Tukey’s First-Aid Transformations¶

Standard recommendations used to linearize relationships and stabilize variance when there is no specific domain theory to guide variable transformation. These should be applied to both explanatory variables and responses unless a valid reason exists to do otherwise:

Data Type	Recommended Transformation
Concentrations and Amounts	$\log(x)$
Count Data	$\sqrt{x}$
Counted Fractions / Shares	$\tilde{x} = \text{logit}(x) = \log\left(\frac{x + 0.005}{1.01 - x}\right)$ ^[1]

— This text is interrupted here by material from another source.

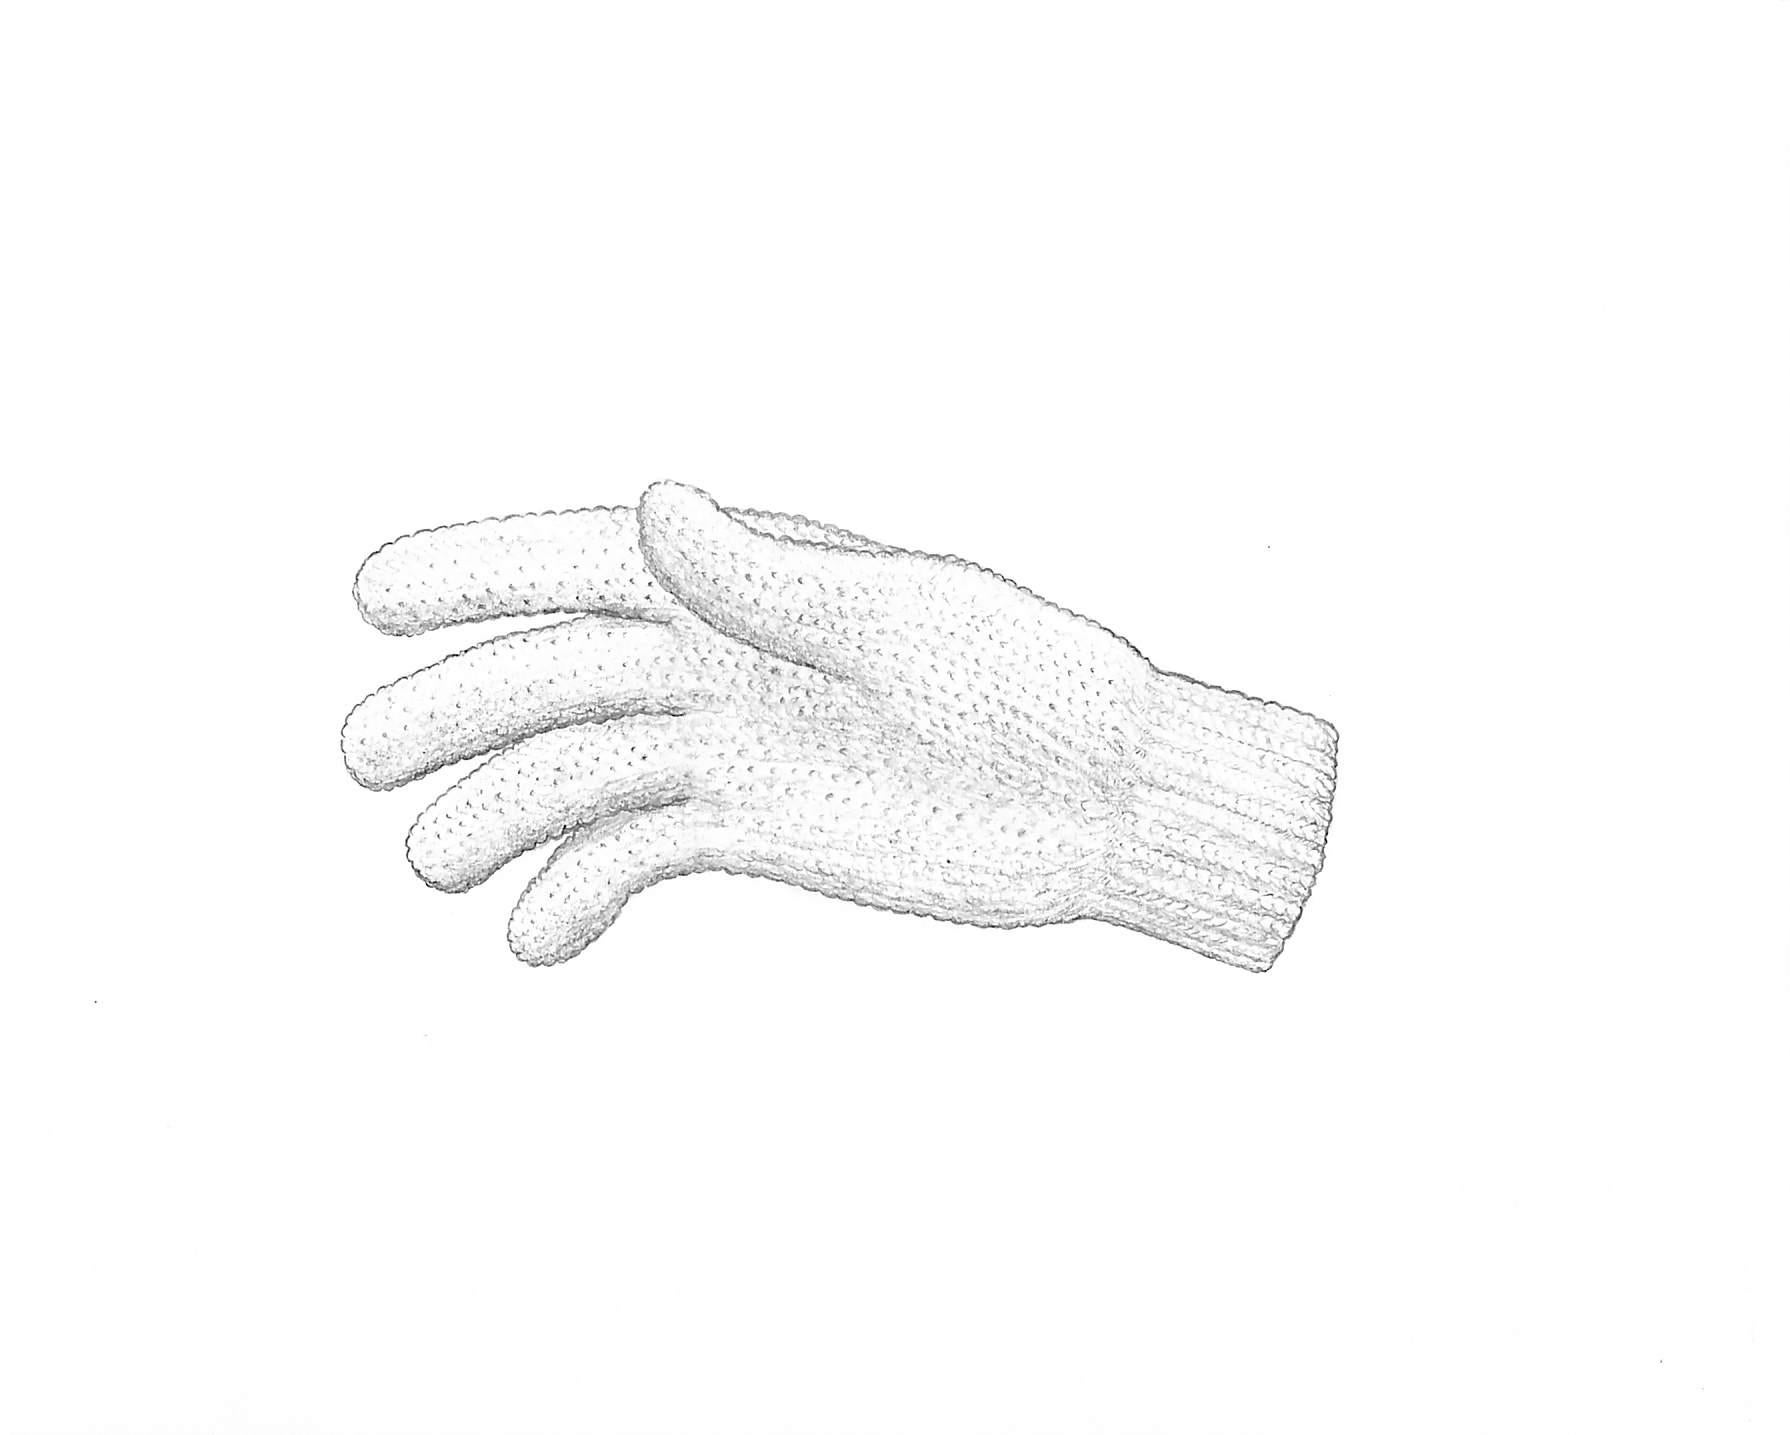 Wool Hunting Glove 2001 Graphite Drawing - Art by Unknown

Model Fitting and Diagnostics¶

Least Squares Estimation¶

The coefficients $\boldsymbol{\beta}$ are estimated by minimizing the sum of squared residuals.

The OLS estimator is given by:

\hat{\boldsymbol{\beta}} = (\mathbf{X}^T \mathbf{X})^{-1} \mathbf{X}^T \mathbf{Y}

(4)

Model Adequacy (Residual Analysis)¶

Model adequacy is checked using diagnostic plots:

source("advanced-statistical-data-analysis/RFn_Plot-lmSim.R")
df <- read.table("advanced-statistical-data-analysis/Softdrink.dat", header=TRUE)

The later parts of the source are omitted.